El Salado, 10 years later The IAHRC on human rights in Venezuela
Feb 242010

Update as of 2:45PM Thursday: The “La Silla Vacía” website, which practices serious journalism and is unlikely to blow its credibility on a story likely to be quickly proven incorrect, is reporting that the referendum does not have the votes in the Constitutional Court and that “Uribe will not be able to run for re-election.”

Update as of 5:15PM: Rumor is that the court will announce its decision on Friday. No new information about what they might decide.

El Tiempo reports that Colombia’s Constitutional Court, in session right now, is near a decision on the legality of a referendum to allow President Álvaro Uribe to run for a third term. That decision could come today.

Sources in the Constitutional Court confirmed to El Tiempo that yesterday, in what was the fifth hearing about the referendum, a majority trend was revealed in favor of the position of Judge Humberto Sierra Porto, which proposes to reject the initiative.

The same sources even said that the court’s decision, which will resolve the greatest political crossroads of recent years, could come in today’s session, or next Friday’s at the latest.

If the court finds against the referendum, somebody other than Álvaro Uribe will be elected president on May 30 (or in a subsequent second round). Stay tuned.

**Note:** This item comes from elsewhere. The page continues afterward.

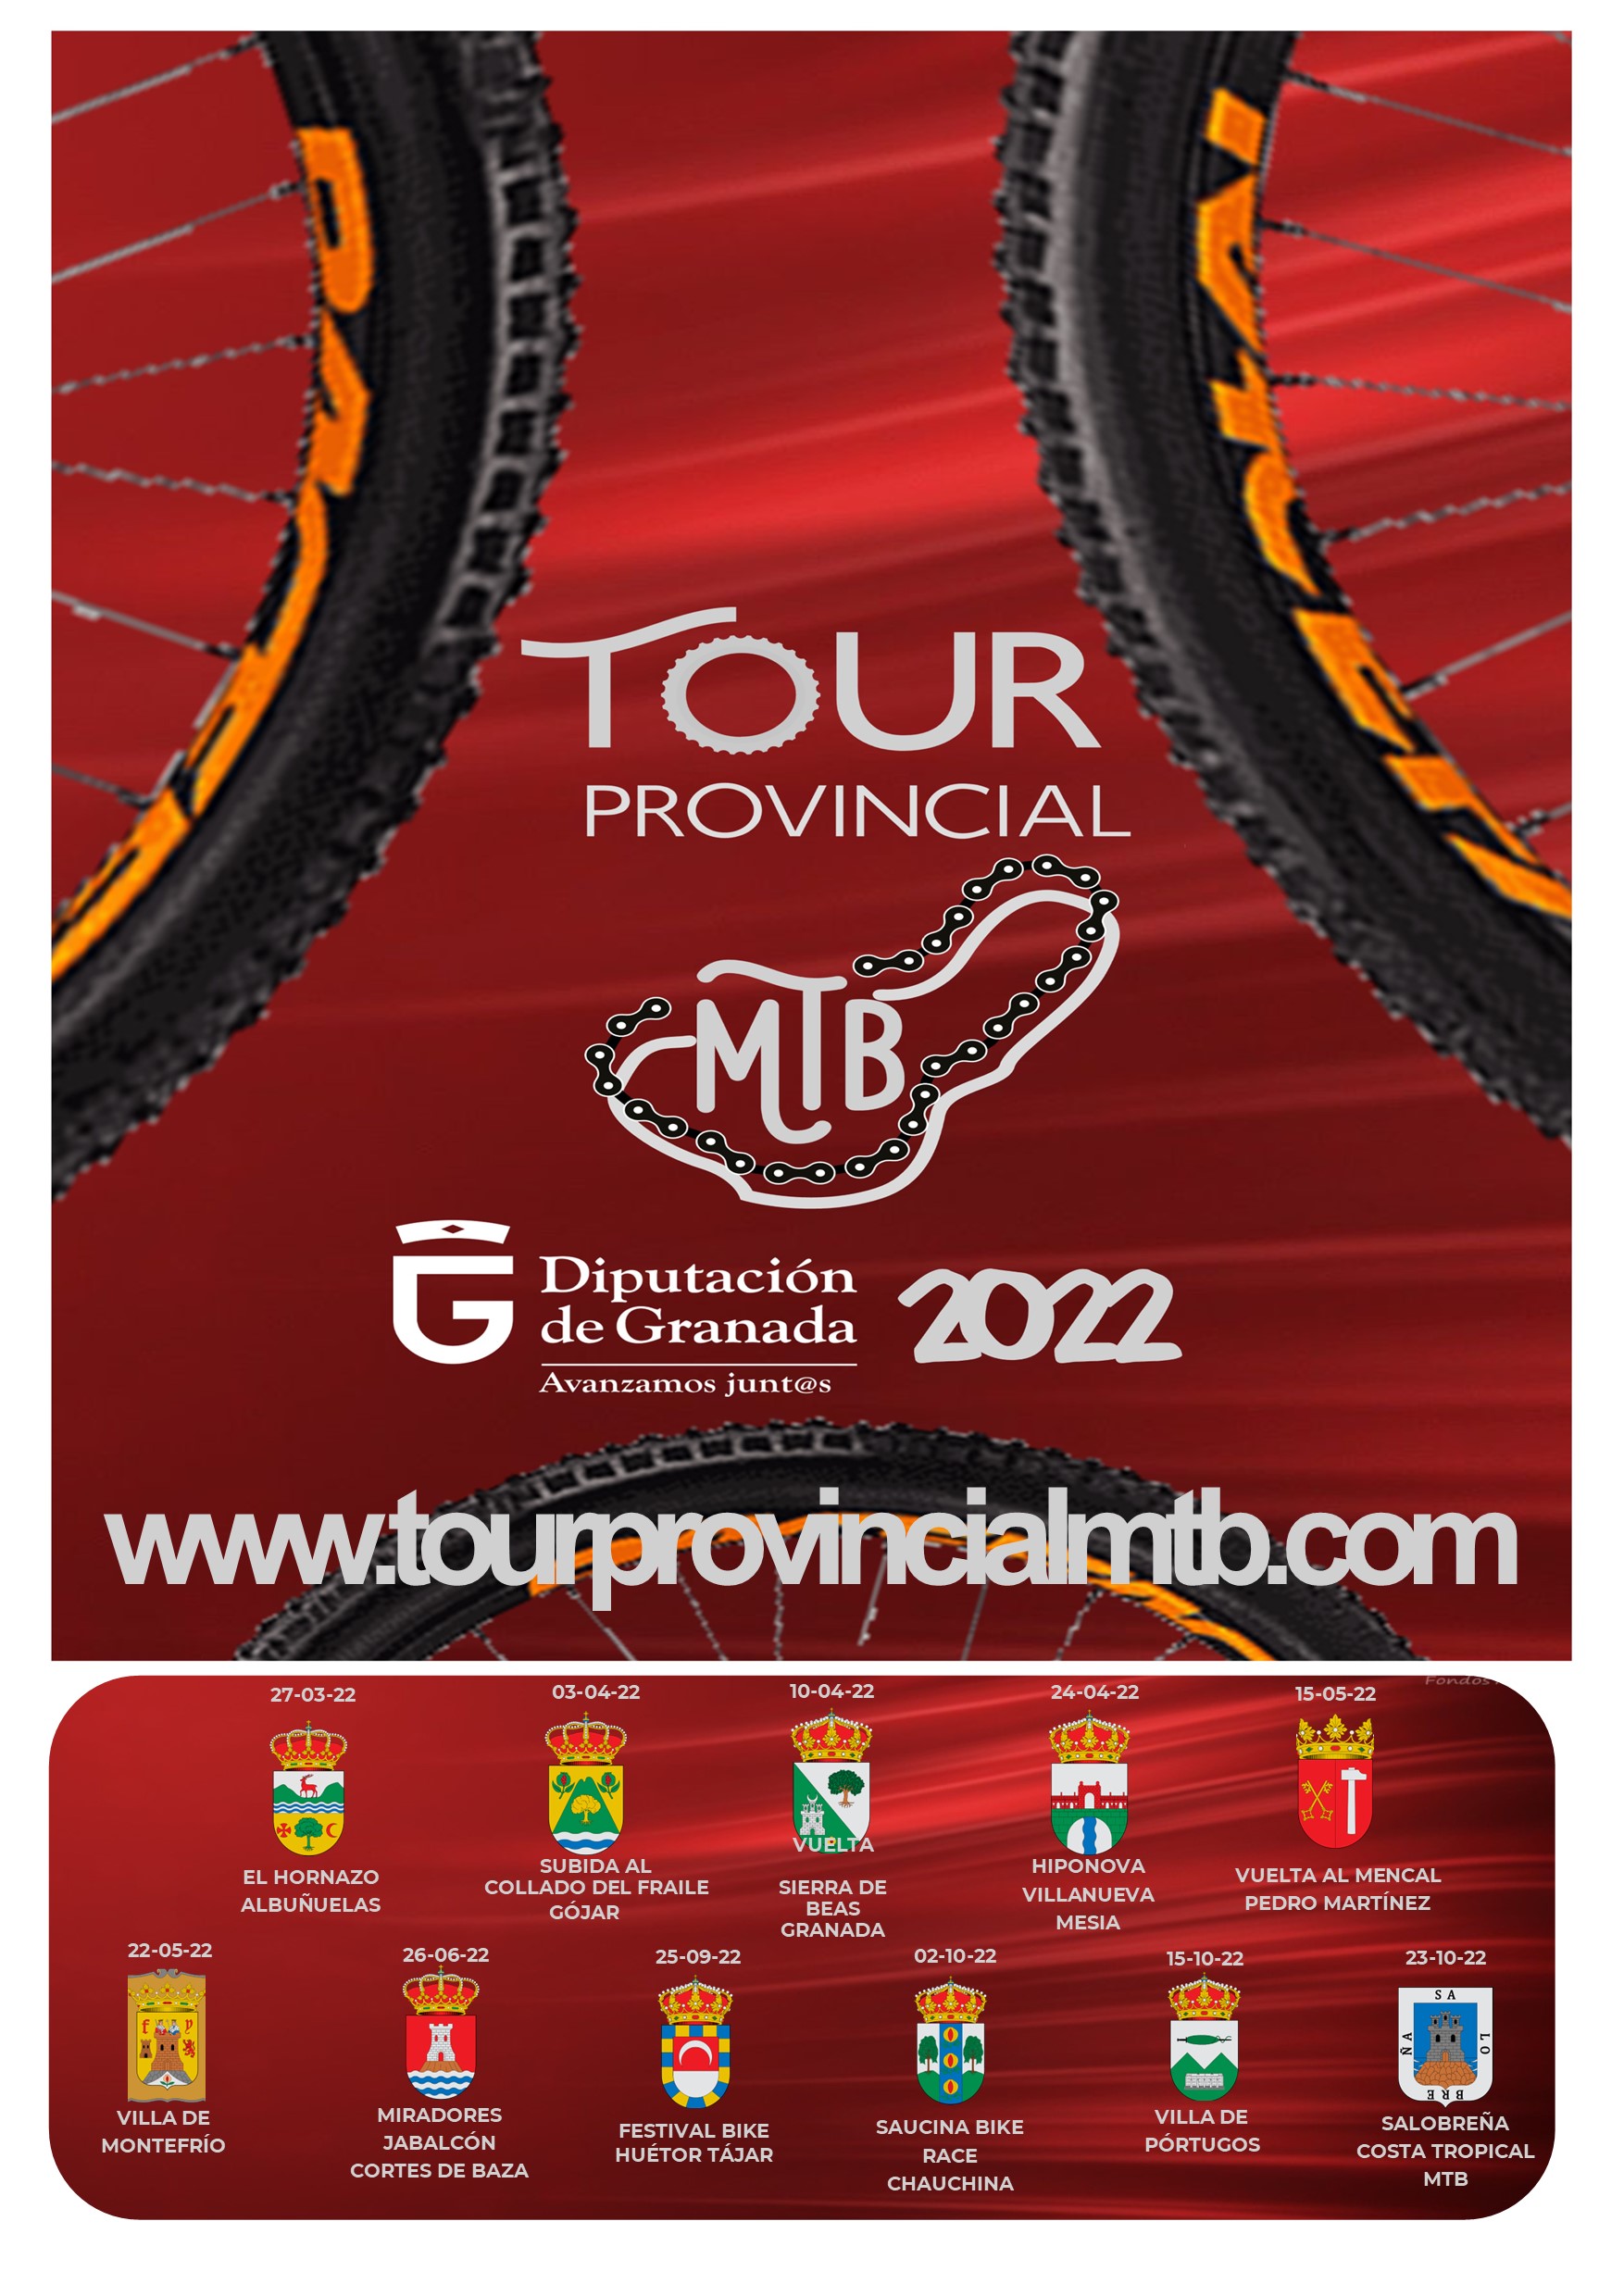 TOUR PROVINCIAL MTB 2022 - SALOBREÑA COSTRA TROPICAL MTB
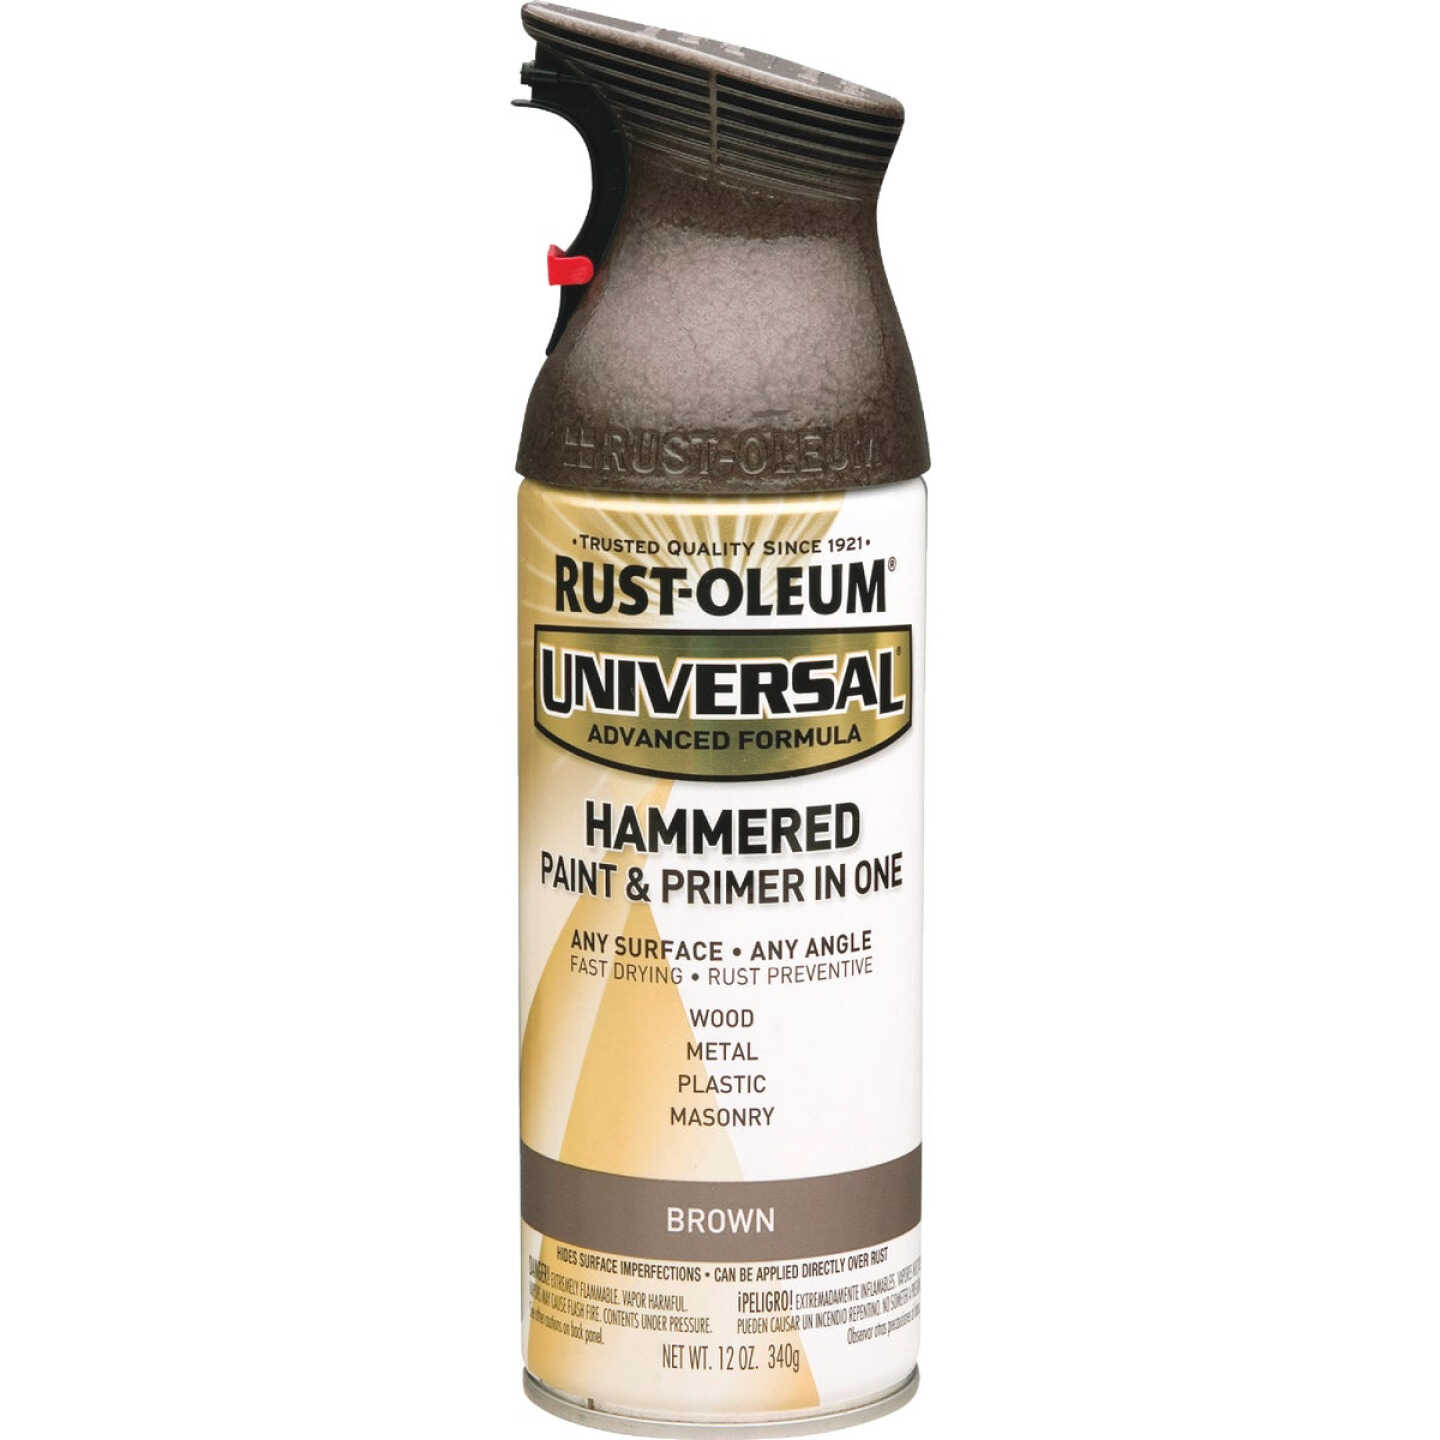 Rust-Oleum Stops Rust 12 oz. Textured Metallic Silver Protective

16 Responses to “Re-election decision could come today”

  1. Jaime Bustos Says:


  2. Alvaro Hurtado Says:


    This, like far too many other “false positive” cases, took place in 2005, when the Defense Minister was not JM Santos. Who would have thought?

  3. Tambopaxi Says:

    Hope no third term. Uribe’s done reasonably good job, but Presidents with three or more terms are not healthy for the shaky democracies we have down here.

  4. Alvaro Hurtado Says:

    Much less when the process to push this referendum through was less than strictly legal, with numerous procedural errors and tricks, which is the basic reason it should struck down by the Court even if Uribe somehow was all roses.

  5. Stuart Says:

    Good riddance to one of the most despicable politicians in this hemisphere. It’s amazing that, despite the numerous scandals that have plagued his administration over the years and been documented on this blog, people can still say he’s “done a reasonably good job.”

  6. Julian Says:

    “Good riddance to one of the most despicable politicians in this hemisphere. It’s amazing that, despite the numerous scandals that have plagued his administration over the years and been documented on this blog, people can still say he’s “done a reasonably good job.” ”


  7. Alvaro Hurtado Says:

    Sure, though one could say similar things about Chávez, whose administration has been full of scandals and controversial events in his own Venezuelan context, but would you go ahead and call him a despicable politican, Stuart and Julian? I’d like to know.

  8. Jaime Bustos Says:

    Please allow the prediction of a simple mind. If I know how things work in the Colombian territory, and by extension in the worldwide soap opera, the referendum viability will pass at the Colombian Congress: at the last minute three magistrates will change their vote. Analysis in colombian magazines will overflow pages of (dis)information explaining the layman what really happened and the Lord shall be with y’all. — An the “Empty Chair” will not see it coming.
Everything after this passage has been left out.